Люблино. Июнь. Большое кухонное окно распахнуто, влетает тополиный пух. И вот еще тетя Зина, старшая по подъезду. У нее замечательная фамилия — Родина.

«У вас газом не пахнет?» — интересуется Родина.

Мы с мамой принюхиваемся. Вроде нет. Газ — это очень опасно, мы знаем. У нас газовая колонка. Точней, они тут у всех. Что на самом деле неплохо: у нас никогда не отключают горячую воду летом. А газовщик, нервный как скрипач, прибегает по первому же звонку.

А нашей Зине просто важна активность, движуха, общение. Такая она — наша Родина.

В дом номер 14 по Краснодонской улице мы въехали в 1972 году. Двор из четырех добротных пятиэтажек серого кирпича. Одна даже с полукруглой высокой аркой. Все дома принадлежали Люблинскому литейно-механическому заводу, так что население двора было как одна большая семья. Мужики бойко играли в домино, пряча под столом бутылку; их жены рядом развешивали сушиться белье — не беда, что пыль; дети катались на неизменной карусели, а те, что постарше, уходили за гаражи, курить «Яву», одну сигарету на всех, которую незаметно стырили у отца.

[blockquote]В подъездах, внизу все оставляли детские коляски. Никто не прятал их по квартирам. Худшее, что с ними могло случиться — туда бы забрался наглый кот[/blockquote]

Жизнь была мирная, спокойная, беззаботная. Если не считать угроз от Америки, которыми меня пугал дядя Петя, отец друга Вити. Дядя Петя читал самые важные газеты и смотрел «Международную панораму».

В подъездах, внизу все оставляли детские коляски. Никто не прятал их по квартирам. Худшее, что с ними могло случиться — туда бы забрался наглый кот. Между этажами стояли специальные баки — для пищевых отходов. Никто не выбрасывал картофельную шелуху или заплесневелый хлеб в мусор. Нет, только в баки, которые каждое утро заботливо выносил дворник. Говорили, на свиноферму. Все дворники у нас были татарами, по древней московской традиции. Хотя Люблино тогда еще было очень условной Москвой. В черте, но со своим люблинским гонором.

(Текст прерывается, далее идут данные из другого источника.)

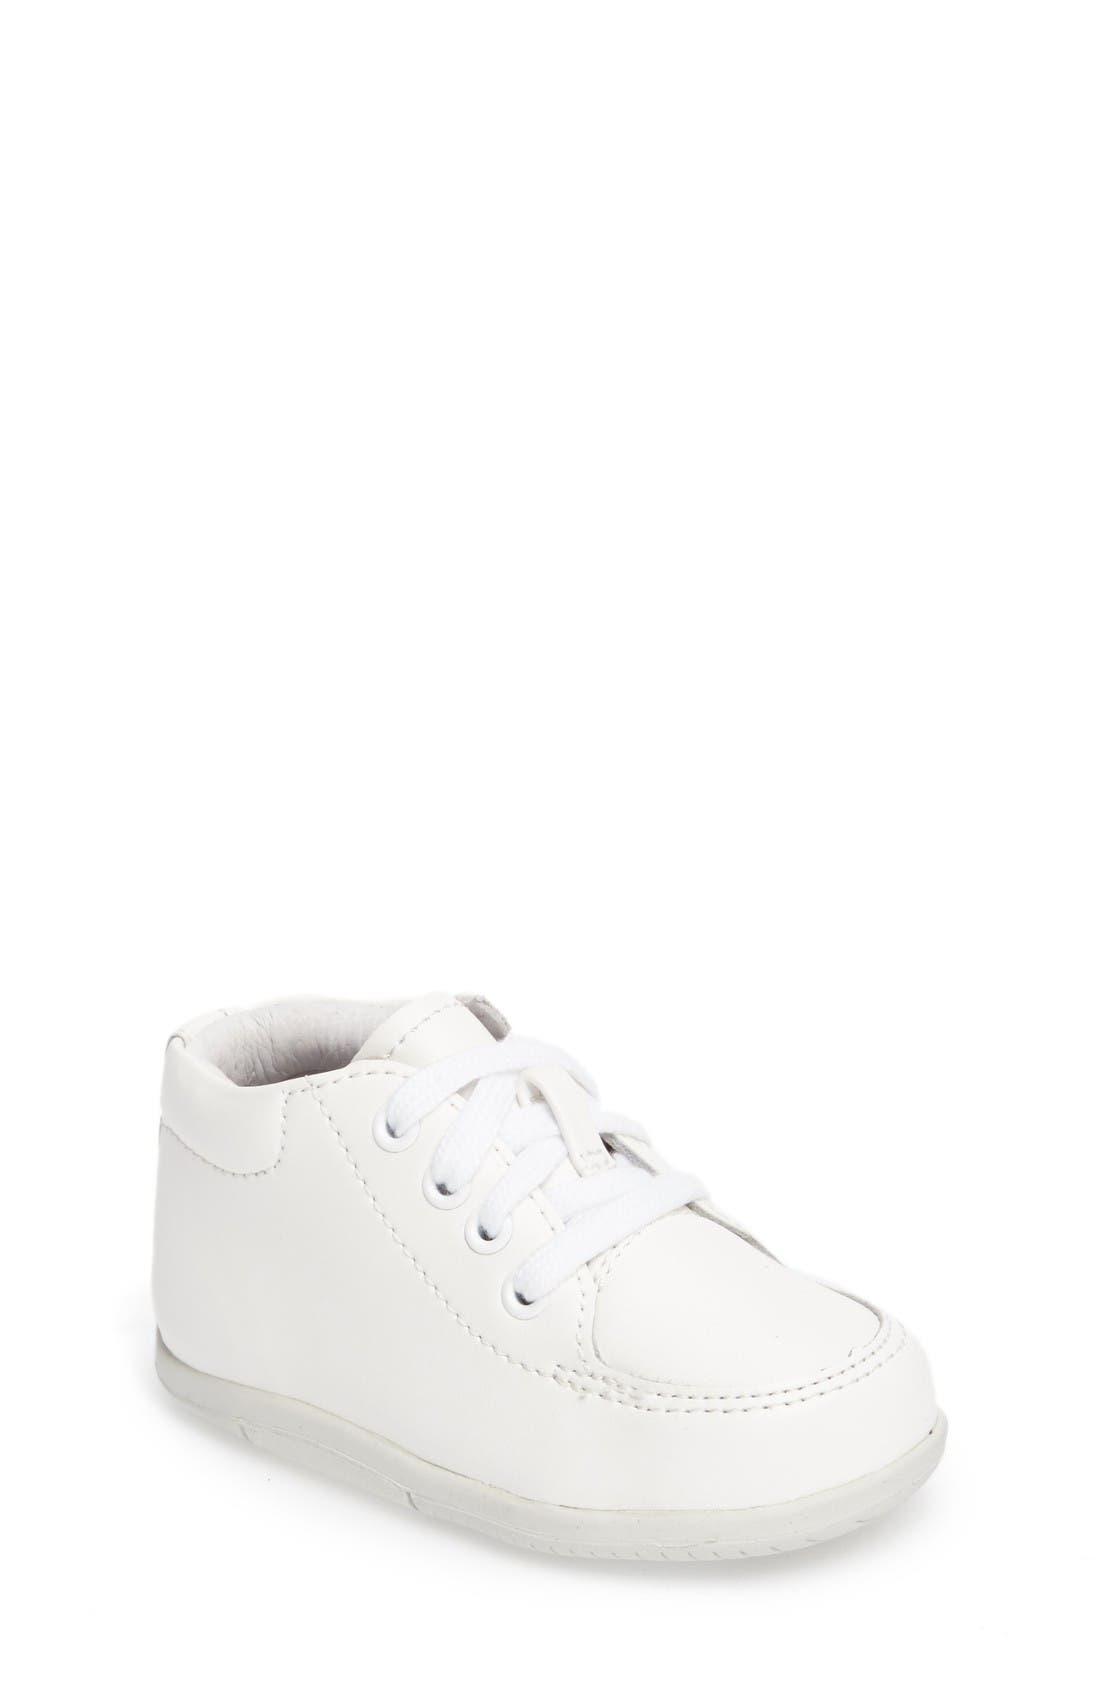 Alternate Image 1 Selected - Stride Rite Grayson Sneaker (Baby, Walker & Toddler)
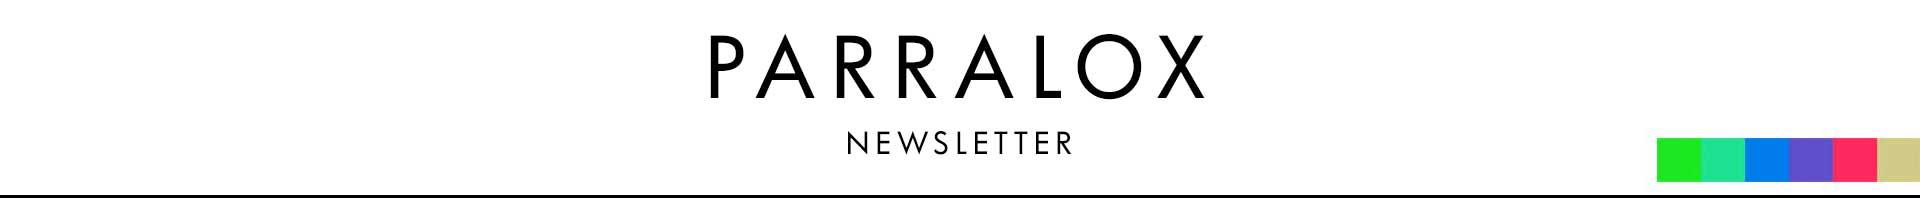 Parralox - Newsletter

Маме, выбиравшей квартиру, не понравился первый этаж и газовая колонка, зато приглянулся длинный коридор и большая комната с паркетом. А еще узкий палисадник под окнами, отделенный от тротуара низкой чугунной оградкой. Но палисадник никогда не мешал заглядывать в окна всем соседям, с насущными вопросами. В палисаднике росла акация, а потом появилась сирень. Три куста сирени посадили мы с мамой, выкопав их тайком вечером в парке неподалеку.

Мама сразу решила поставить решетки на окна. На что соседка тетя Рая сказала: «Не вздумай. Никто здесь не ставит. Поставишь решетки — тут же обворуют». Хорошо, что мама послушалась мудрую тетю Раю. И не в ворах дело: кроме маминой пишущей машинки «Эрика» у нас не было сокровищ. Я не раз терял ключи. Зимой это было особенно печально. Хотелось скорей к телевизору и газовой колонке. И тогда меня выручала широкая форточка кухонного окна. Протискивался в нее — к теплу и свету.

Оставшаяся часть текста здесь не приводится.